» **Data shown**
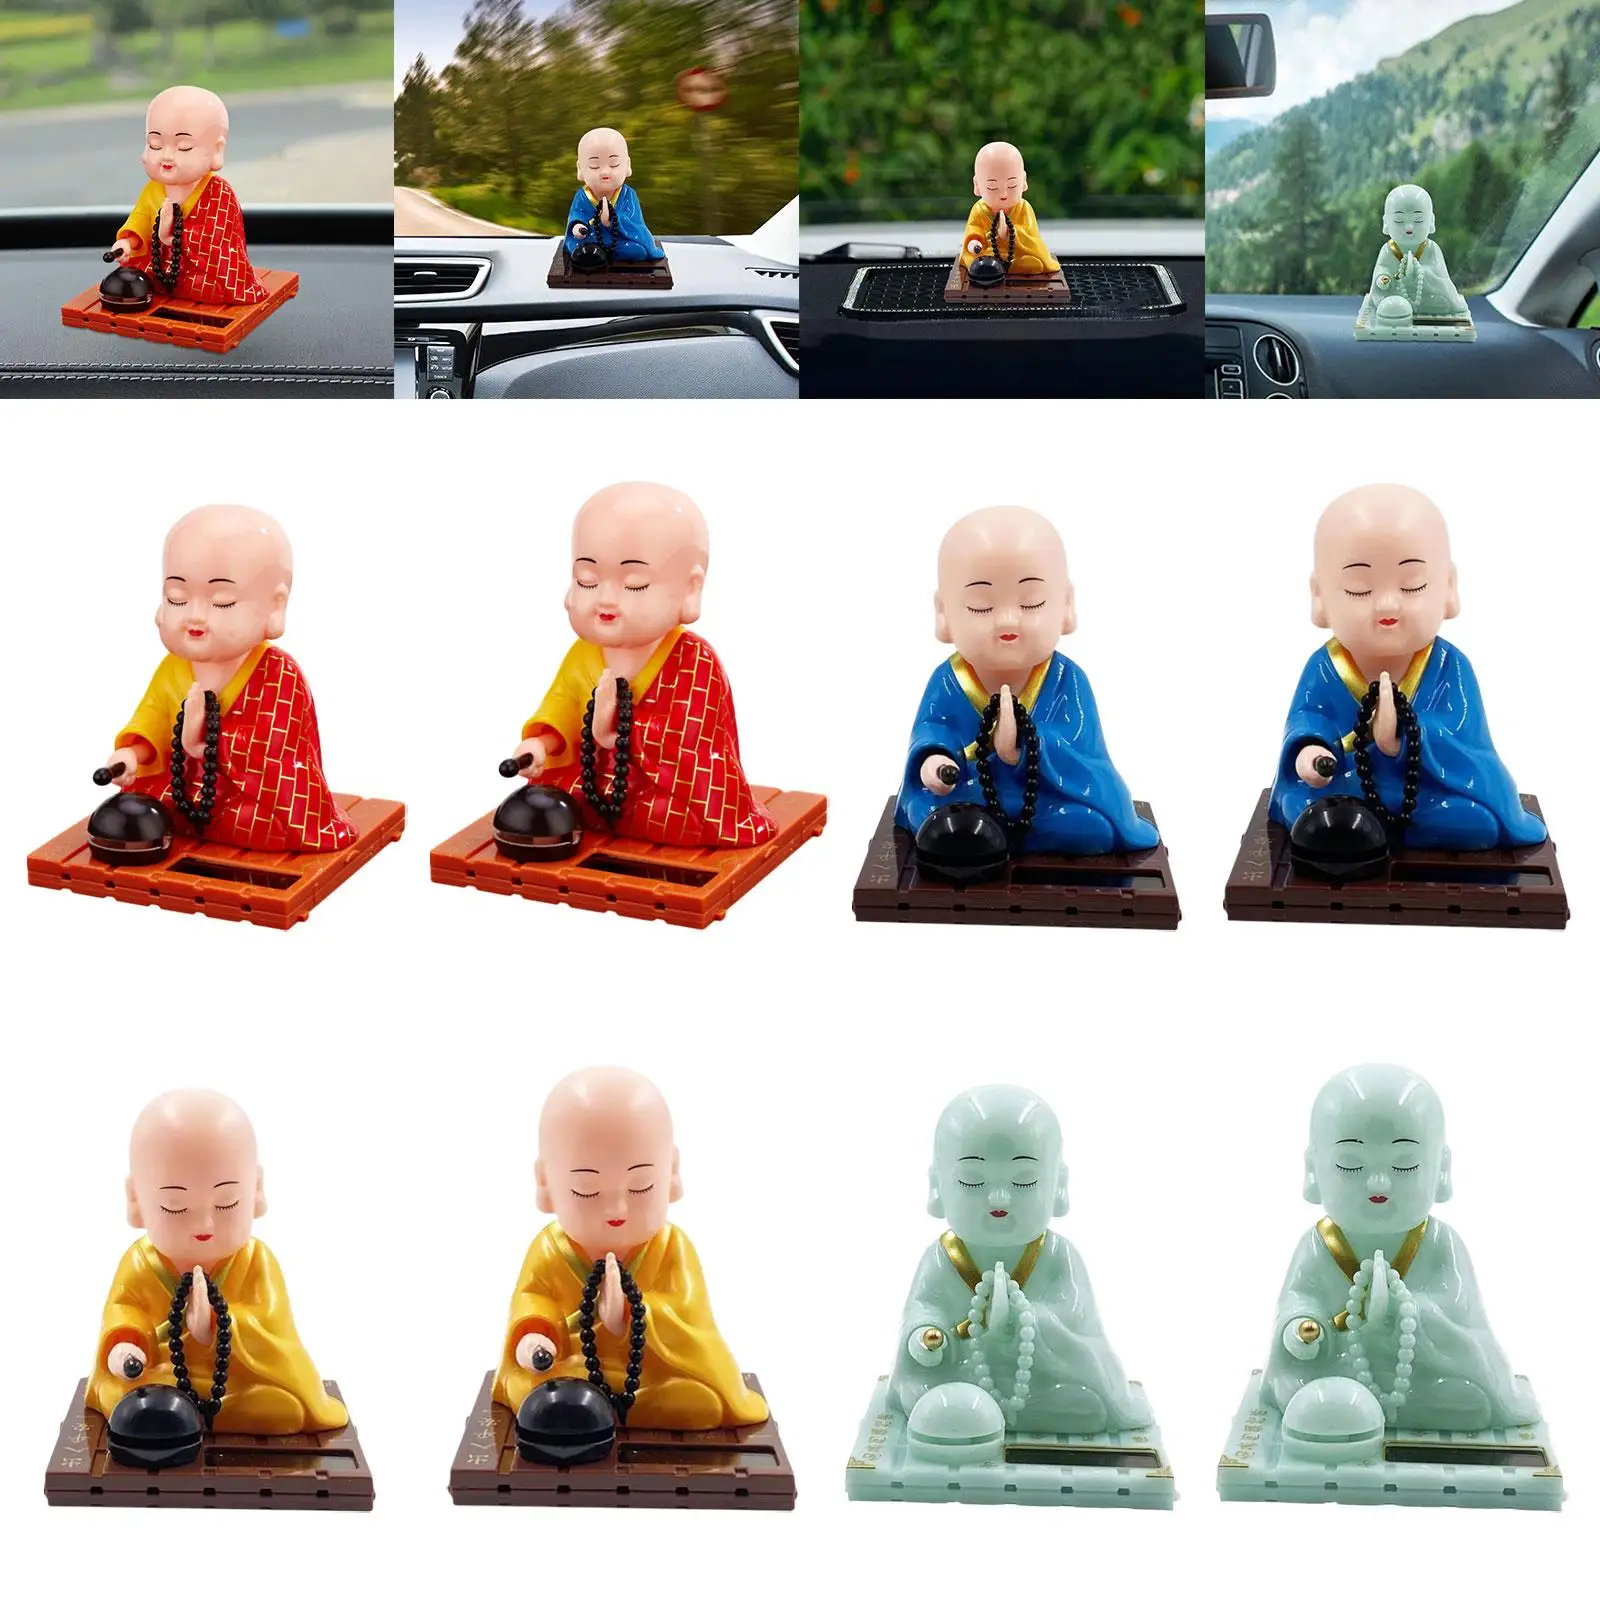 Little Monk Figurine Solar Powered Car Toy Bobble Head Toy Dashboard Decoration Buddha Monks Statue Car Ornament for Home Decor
* * *
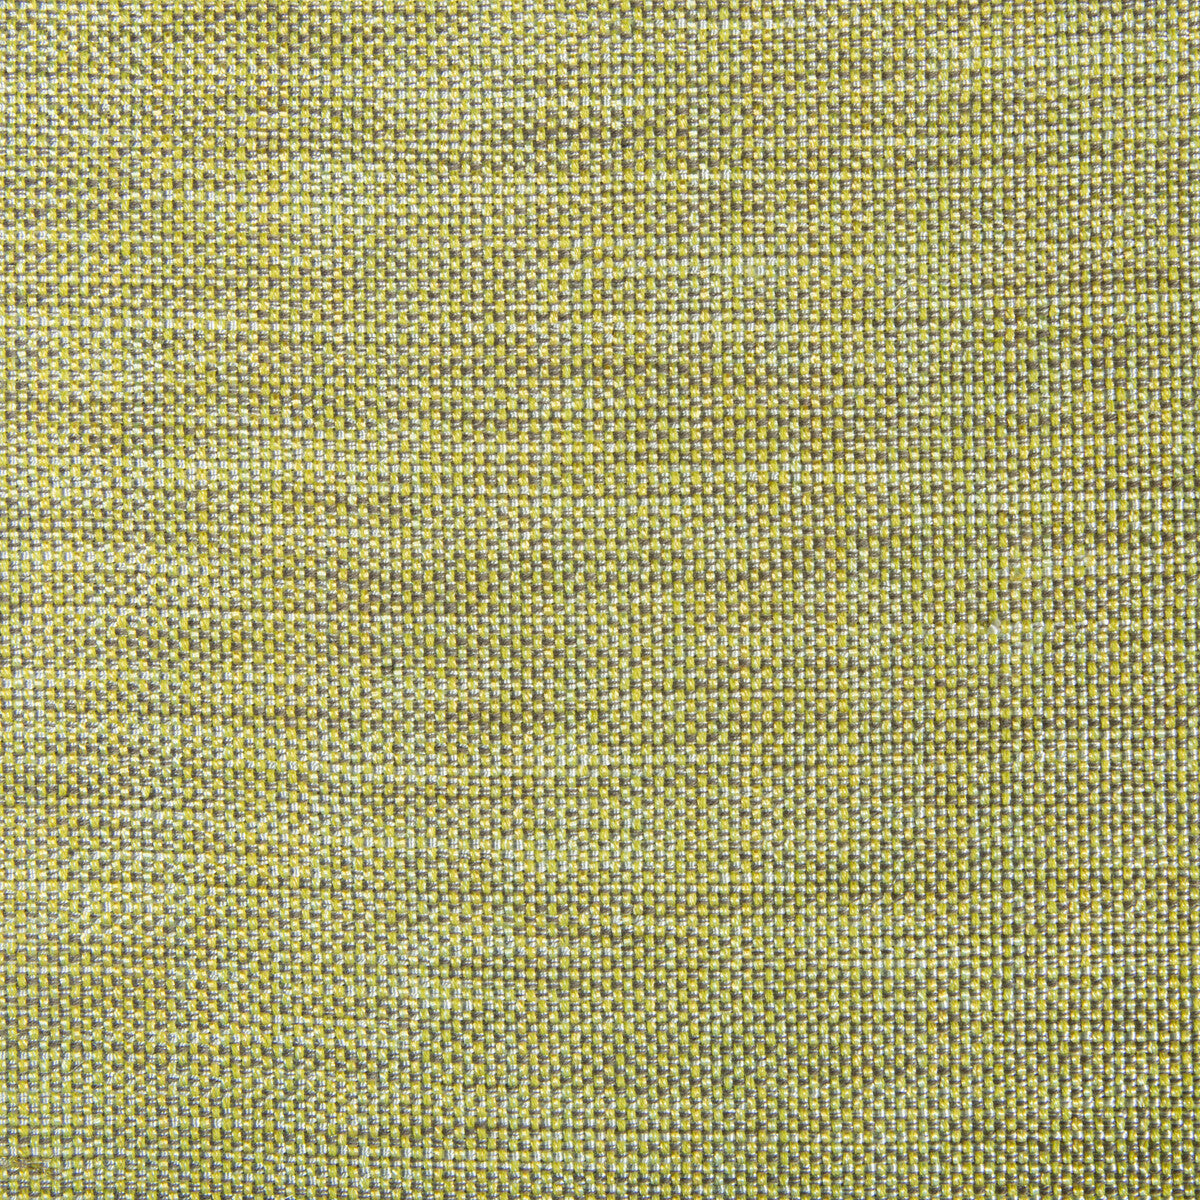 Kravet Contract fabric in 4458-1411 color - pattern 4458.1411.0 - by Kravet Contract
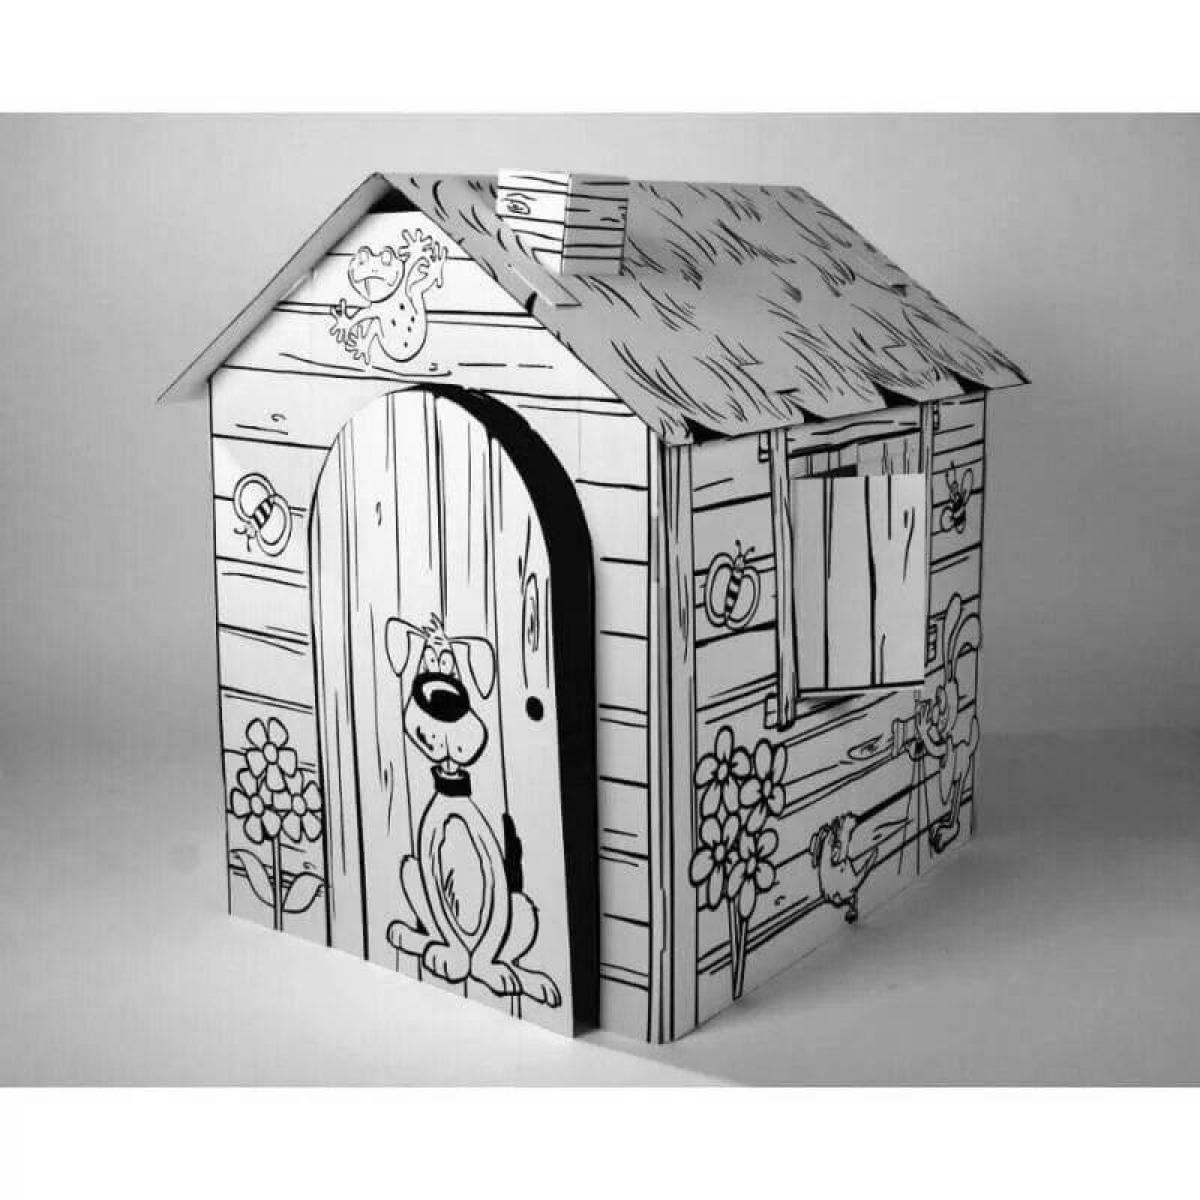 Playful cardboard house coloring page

» **Assignment**
Please return the data above exactly as it stands from the line with "Kravet Contract fabric" to the line with "Playful cardboard house coloring page", keeping both of those lines but none of the pictures.

» **Output for this exercise**
 Kravet Contract fabric in 4458-1411 color - pattern 4458.1411.0 - by Kravet Contract
 Playful cardboard house coloring page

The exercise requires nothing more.